Lo que quiero es ver la vida con los ojos de saber que ya soy amada. Fácil escribirlo en una carta, pero es una práctica. ¿Una disciplina? Quizás es una disciplina, pero una de caricias, cariño y búsqueda de esa energía sabia y de raíz incluso cuando hay tormentas a nuestro alrededor. No, querida, no busco ser perfecta, pero sí busco aprender a volver a mí y valorar que soy Templo y Estrella en una constelación infinita… porque, cuando nos domina el miedo, lo primero que nos pasa es que creemos que somos el centro del universo, de un universo hostil y maligno, pero centro… Es perverso, ¿no? Cuando la realidad es que somos un trocito en un vitral de colores hermoso, conectado a miles de otros miles de millones de trocitos de vidrio de otros tantos millones de colores… La realidad es que ya soy amada; solo tengo que abrir los ojos y mantenerlos abiertos.

Tú me has enseñado muchas veces –mostrándomelo, además– cómo mi vida se vuelve más fácil y más rica cuando entro en esa frequencia. Ay, odio usar palabras así, porque no quiero sonar a astróloga new age… pero, al final, algo en mí me pide buscar otra vez la magia. Yo soy magia. La encarno. Lo sé. Solo es que todavía me aferro a prejuicios racionales que no sé si me hacen bien. Temo las críticas. Temo que se me trate de loca…

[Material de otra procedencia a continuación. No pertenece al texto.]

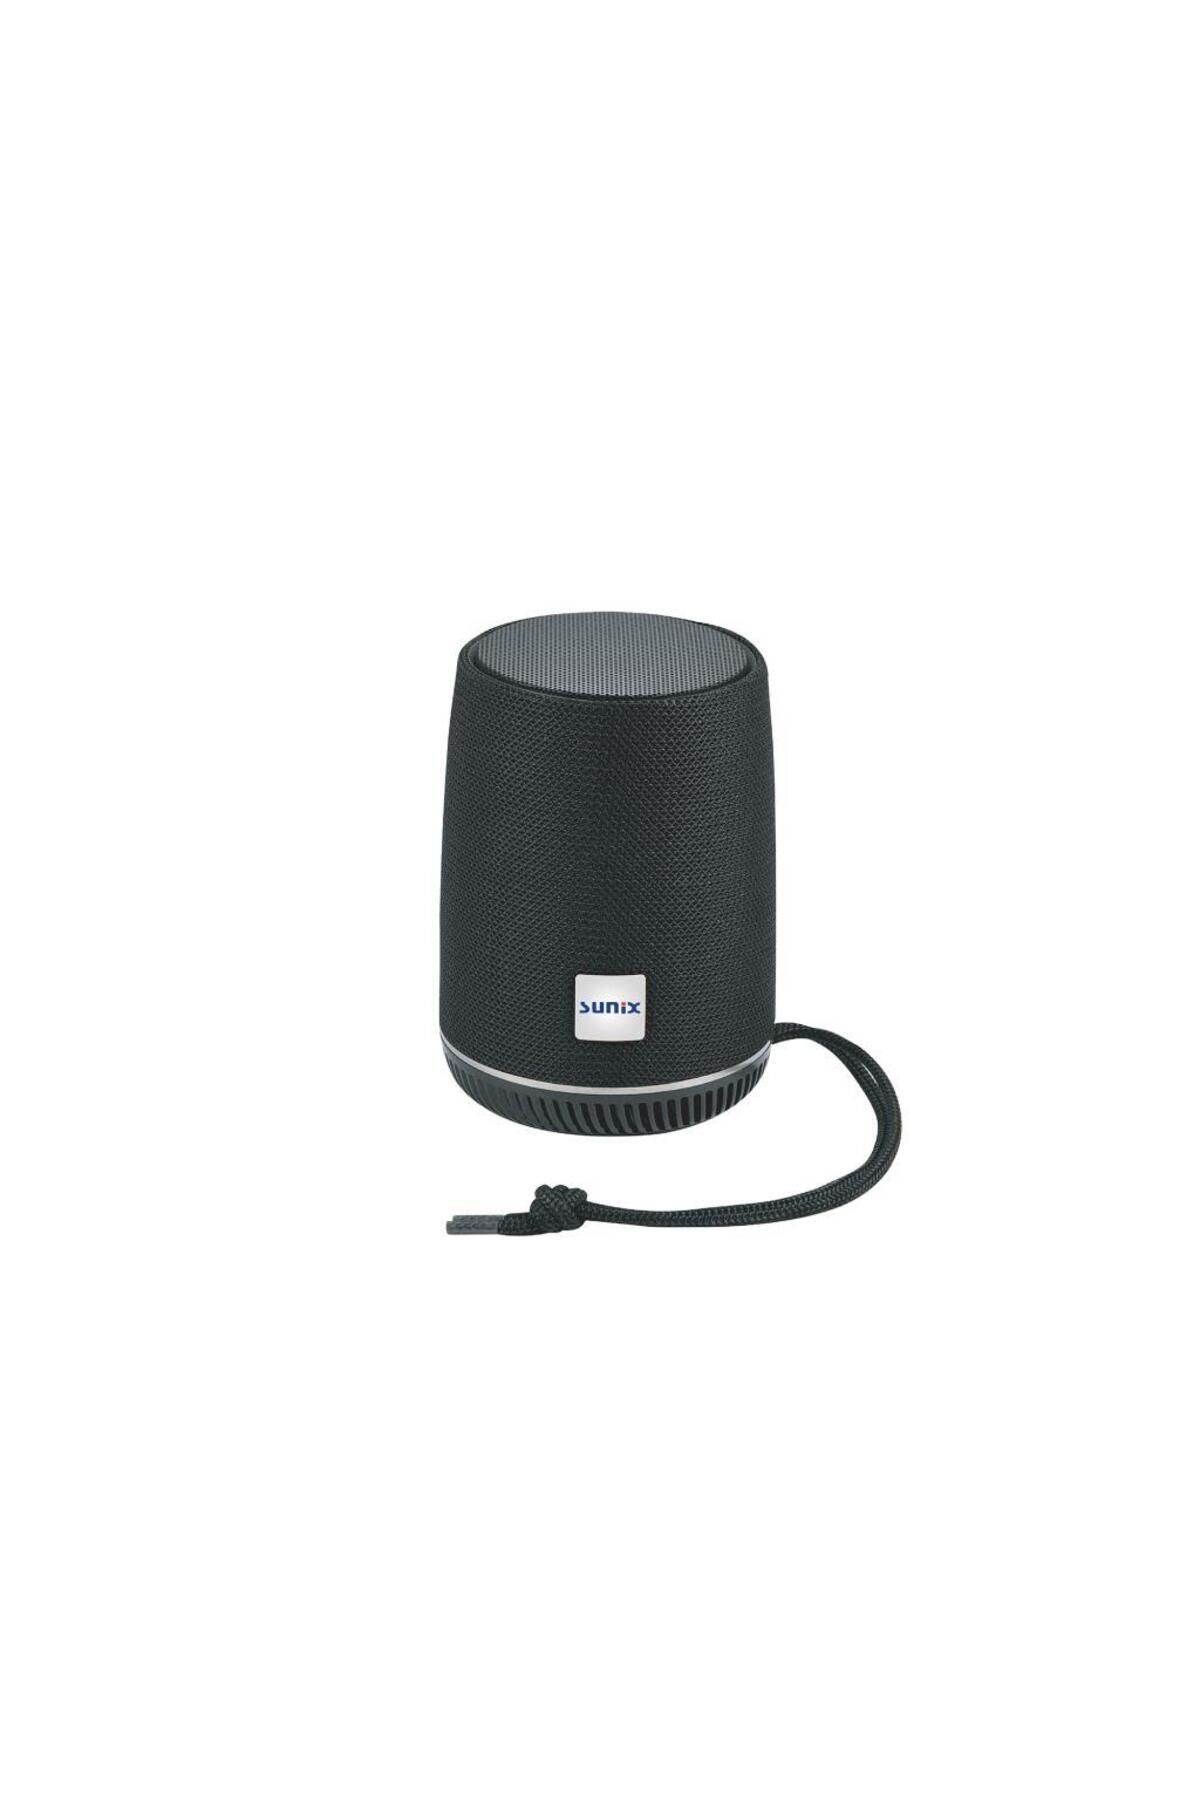 Sunix Taşınabilir Bluetooth Hoparlör Bts-34 Siyah

Aunque, en realidad, no hay locura más hermosa que creer que el amor existe sin límites, mezclado con nuestros sudores más tórridos y los jadeos que nos recitamos a los oídos. Bajo la cabeza y me muerdo el labio. Te imagino. Me encantaría interrumpir esta carta si fuera para morderte el lóbulo de la oreja y proponerte el sueño más sórdido que se nos ocurra. El miedo me tienta para decirme que nunca se cumplirá… ahí viene… pero, no, seré la loca que quiero ser: Ocurrirá mil y una veces, contigo, con quien sea, y será amor y sexo y todo… será perdernos y, por tanto, perderme… contigo, con ella, con ellas, contigo, conmigo, para ti, para mí, para todas… Siento cosquillas en las tetas y mi cuerpo se ha puesto en interesante alerta… Abro los ojos y me veo escribiéndote aún, pero no me siento sola, me siento que te he regalado un pedacito de mis sentires.

Ya así me has ayudado, mi amor. Léeme con todas las ansias de querer beber de mis fuentes y yo de las tuyas.

Este es el espíritu que me define más auténtica. Quiero vivir sin escondérmelo. Quiero conocerme y amarme con tal locura que ya no me juzgue ni me dé miedo a mí misma: ni me den miedo mis talentos, ni mis encantos, ni mi mente, ni mi cuerpo, ni mi alma, ni mi deseo, ni mi fuerza… Amada mía, me enseñaste a verme como diosa: quiero que estés orgullosísima de mí.